Nehru had time and again emphasised that while the Constitution was meant to be as solid and as permanent a structure as it could be, nevertheless there was no permanence in the Constitution and there should be a certain flexibility; otherwise it would stop a nation's growth. A similar sentiment was expressed by Ambedkar while dealing with draft Article 25 corresponding to the present Article 32. 

Therefore, when the most sacrosanct provisions of the Constitution can be changed, there cannot be any rationale for Article 370 to claim permanent immunity. It was crafted to deal with an extraordinary situation and with a marginal note that it is a transient provision. This should have been revoked once the extraordinary situation ceased to exist.   

The Supreme Court Bench consisting of Justices Adarsh K Goel and RF Nariman had observed that Article 370 of the Constitution which provides a special status to the state of Jammu and Kashmir and limits the legislative powers of the Union Government vis-à-vis the state had acquired a permanent status through years of existence. Something which is permanent since inception and something which has acquired permanency over a period of time has a difference.
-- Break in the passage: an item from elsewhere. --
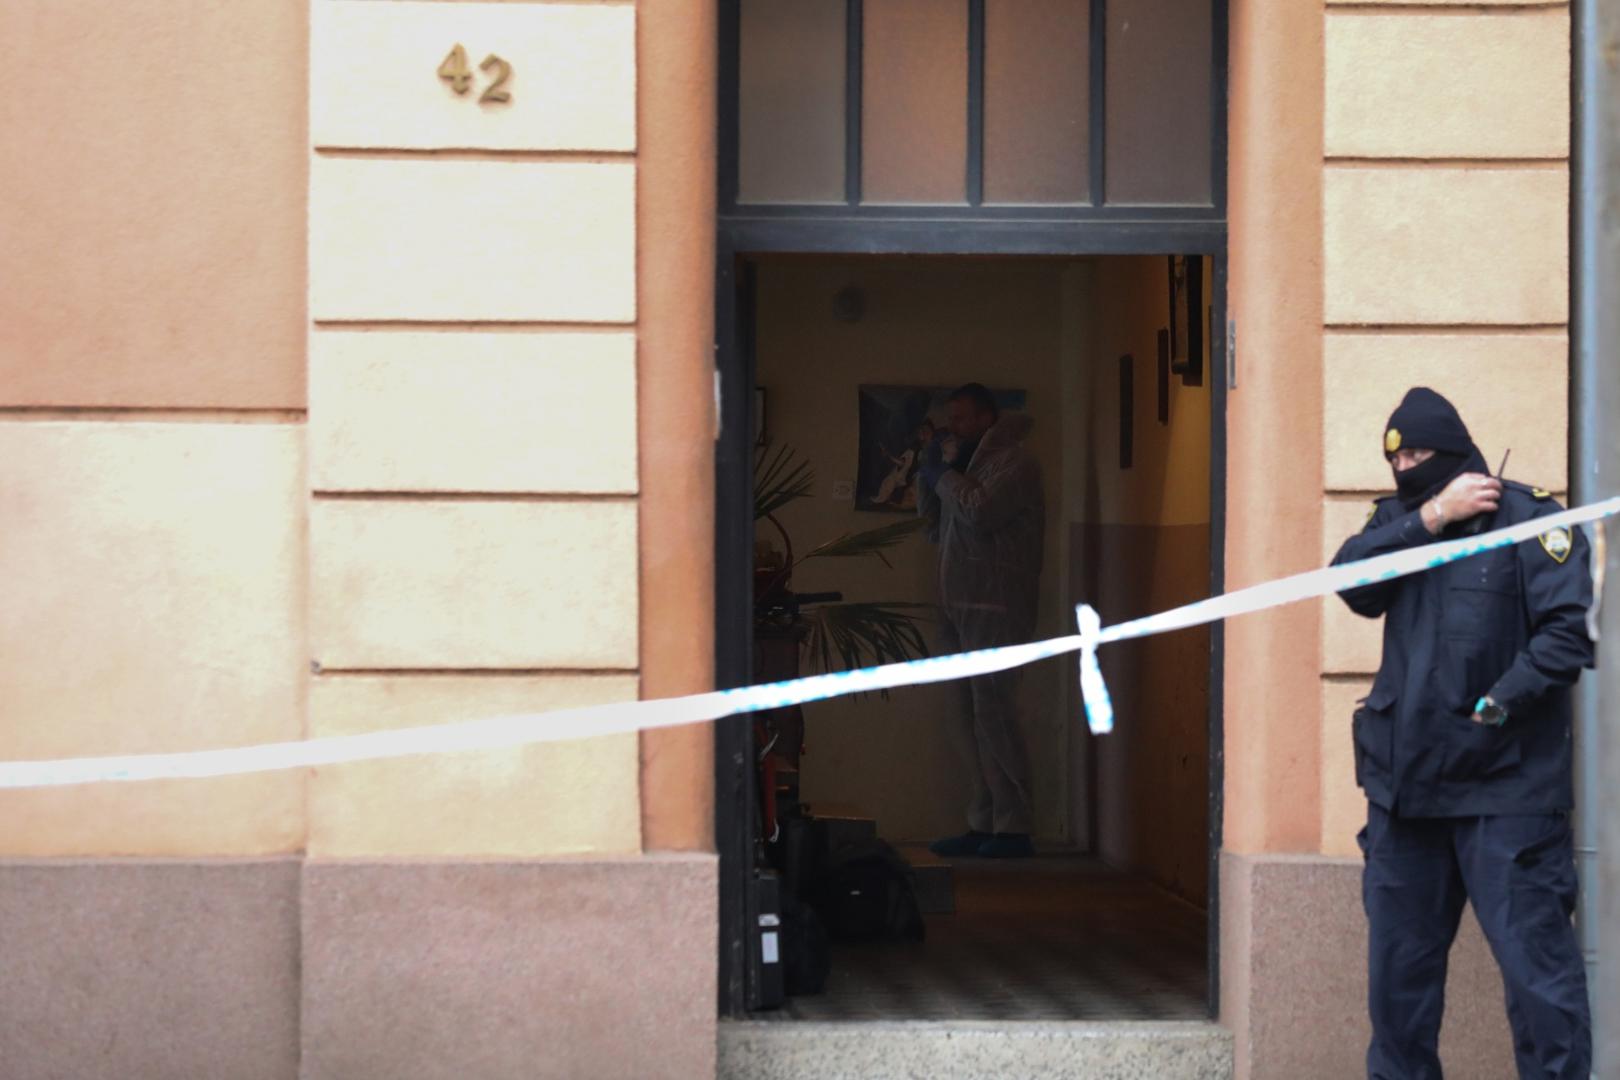 19.04.2021., Osijek - U 16.50 sati u Reisnerovoj ulici na broju 42, u Osijeku, pronadjeno je mrtvo tijelo muskarca starosti 74 godine i tesko ozlijedjenog muskarca u dobi od 39 godina. Ocevid je u tijeku. Photo: Dubravka Petric/PIXSELL

The marginal note of Article 370 makes it clear that this was a temporary provision and it was only the lack of political willpower which allowed it to endure. Though a marginal note cannot affect the construction of the language used in the body of the article, but if the content is uncertain and ambiguous, as in the case of Article 370, the marginal note may be referred to. [Western India Theatres Ltd. v. Municipal Corporation Puna AIR 1959 SC 586].   

Questions were also raised about the special status of J&K vis-à-vis the special status of other states. There are 10 more states which have been conferred special status under Articles 371, 371-A to 371-H, and 371-J of the Constitution. However, these states do not relish the same status as the state of J&K. The intention behind these provisions were to safeguard the interest and aspirations of certain backward regions or to protect and promote the cultural and economic interests of the tribal people or to deal with the disturbed law and order in some parts. But these states are an integral part of the constitutional framework, unlike the state of J&K. 

The power of creating a state or a union territory has been vested in the Union Parliament (Article 3 of the Constitution), which extends to increasing or diminishing the area of any state and altering the boundaries or name of any state. However, two checks constrain Parliament’s power to enact legislation for the formation of new states. Firstly, a Bill calling for the formation of new states may be introduced in either House of Parliament only on the recommendation of the President. Secondly, such a Bill must be referred by the President to the state legislature concerned for expressing its views to Parliament if it contains provisions which affect the areas, boundaries or name of that state.

The Jammu and Kashmir (Reorganisation) Bill, 2019 which proposed to bifurcate the state into two union territories — Jammu and Kashmir with a legislature and Ladakh without one — which was passed by both Houses of Parliament required the consent of the government of the state but the state of Jammu and Kashmir is under Governor’s rule without any state Assembly. This may be a technical legal glitch when the matter is scrutinised by the Supreme Court. However, courts are also expected to and, indeed should, interpret, considering the expanding needs of society. 

However, converting the state of J&K into a union territory is nothing but an act of political immorality. It will not only give the Central government more control over policymaking within Jammu and Kashmir, but also give it power to subvert the voice of the people of the state — at any point.